Knock yourself out: http://www.freshports.org/search.php


----------



## ryuuji (Apr 5, 2016)

It seems they are available, even if *dos2unix* it is ported as unix2dos and says here that it will install dos2unix http://www.freebsddiary.org/control-m.php. Just zlib not there but I guess it is part of the base system.
Thanks again.


----------



## aragats (Apr 5, 2016)

I'm using FreeBSD 11 from September 2015 on my ThinkPad T430. Works fine. Intel video drivers are improved significantly, everything works including suspend and hibernate.
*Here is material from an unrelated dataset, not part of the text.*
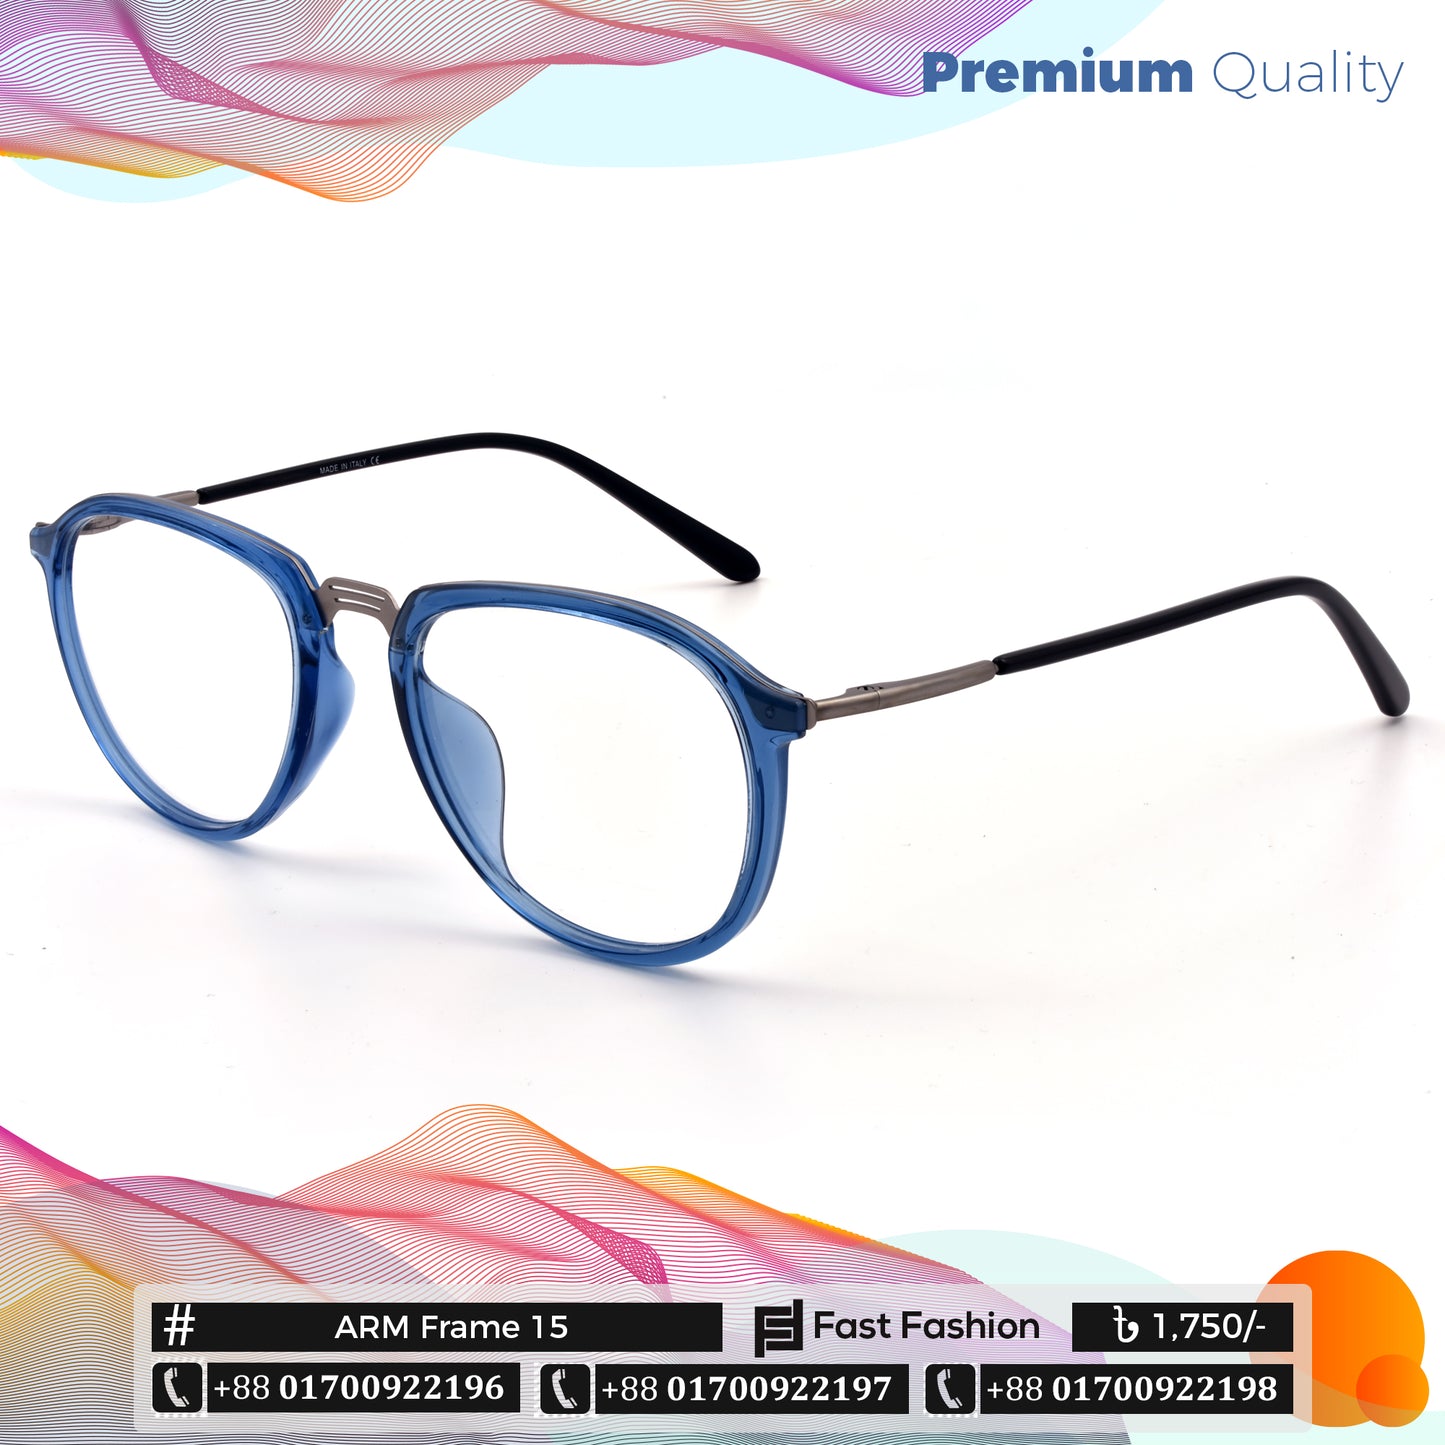 Premium Quality Trendy Stylish Optic Frame | ARM Frame 15

The only serious thing I noticed is that sometimes manual restarting of wifi network crashes the system (Intel Centrino Ultimate-N 6300). I do not update the system frequently since it's my main home computer, the base system was updated a couple of times, packages maybe 5-6 times.


----------



## ryuuji (Apr 7, 2016)

Works pretty well... very fast setup process ... pkg works very fast (have also the compilation way which takes alot longer ofc)
Only problems are related to virtualbox ...
Impressed
Have to figure out how to install this to dual boot with w10 ... different HDDs.


----------



## lme@ (Apr 7, 2016)

Please use more meaningful thread titles. I changed it for you.


----------